Final Words of Wisdom
“Words of wisdom”: Don’t stop learning something new every day, if you do it’s all over.  What have you learned today that you didn’t know yesterday? My graduate students used to dread me asking that question, but they quickly understood the importance.

Elena Hartwell

Author and developmental editor.

This Post Has 2 Comments

  1. Jack

    I'm still wondering about this: What are you working on now?
    I’m working on another memoir, highly fictionalized, but based on the year my family and I spent in Mexico City. What's the difference between a "fictionalized" memoir and a novel?
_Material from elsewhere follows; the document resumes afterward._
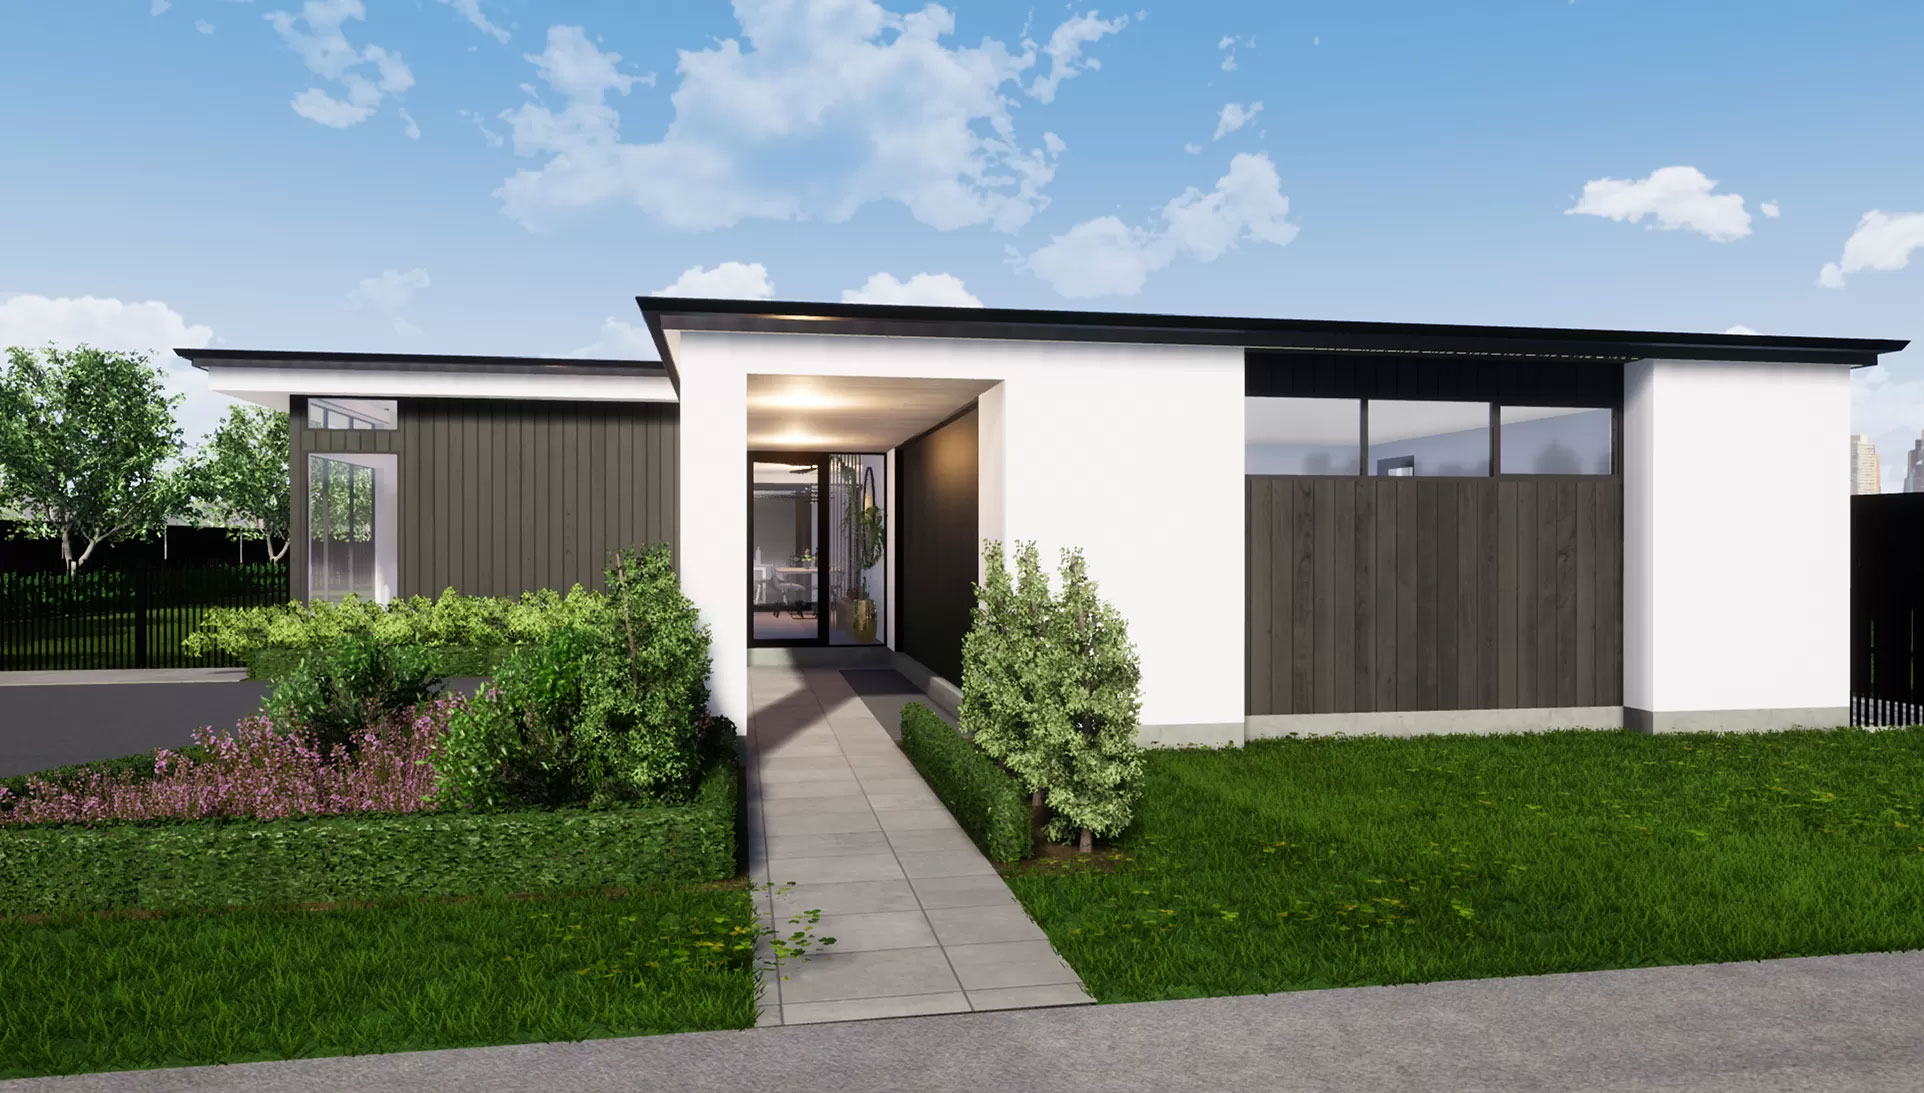 Geraldine Plan - Hallmark Homes - This efficient versatile home offers open-plan living, a practical scullery, & 4 bedrooms with a master suite for a luxurious touch.

Good interview the rest of the way.

  2. Elena Hartwell

    Great question Jack, I emailed Dave to clarify – here's his response: For me it is writing about real people and real events but changing names and providing dialog that, unless it was recorded only the essence is in memory, maybe not even that if it helps the story. Also the sequence of events can be changed to make a more interesting arc. Some aspects of the story line can be pure fiction, also with the purpose of creating anticipation and interest for the arc of the story.

    (Elena here) This is a big question in Memoir. How true is "true" and what do you do to fill in the blanks that arise in memory? As David R Gross reminds us "How else could you write dialog about events that happened 60+ years ago?"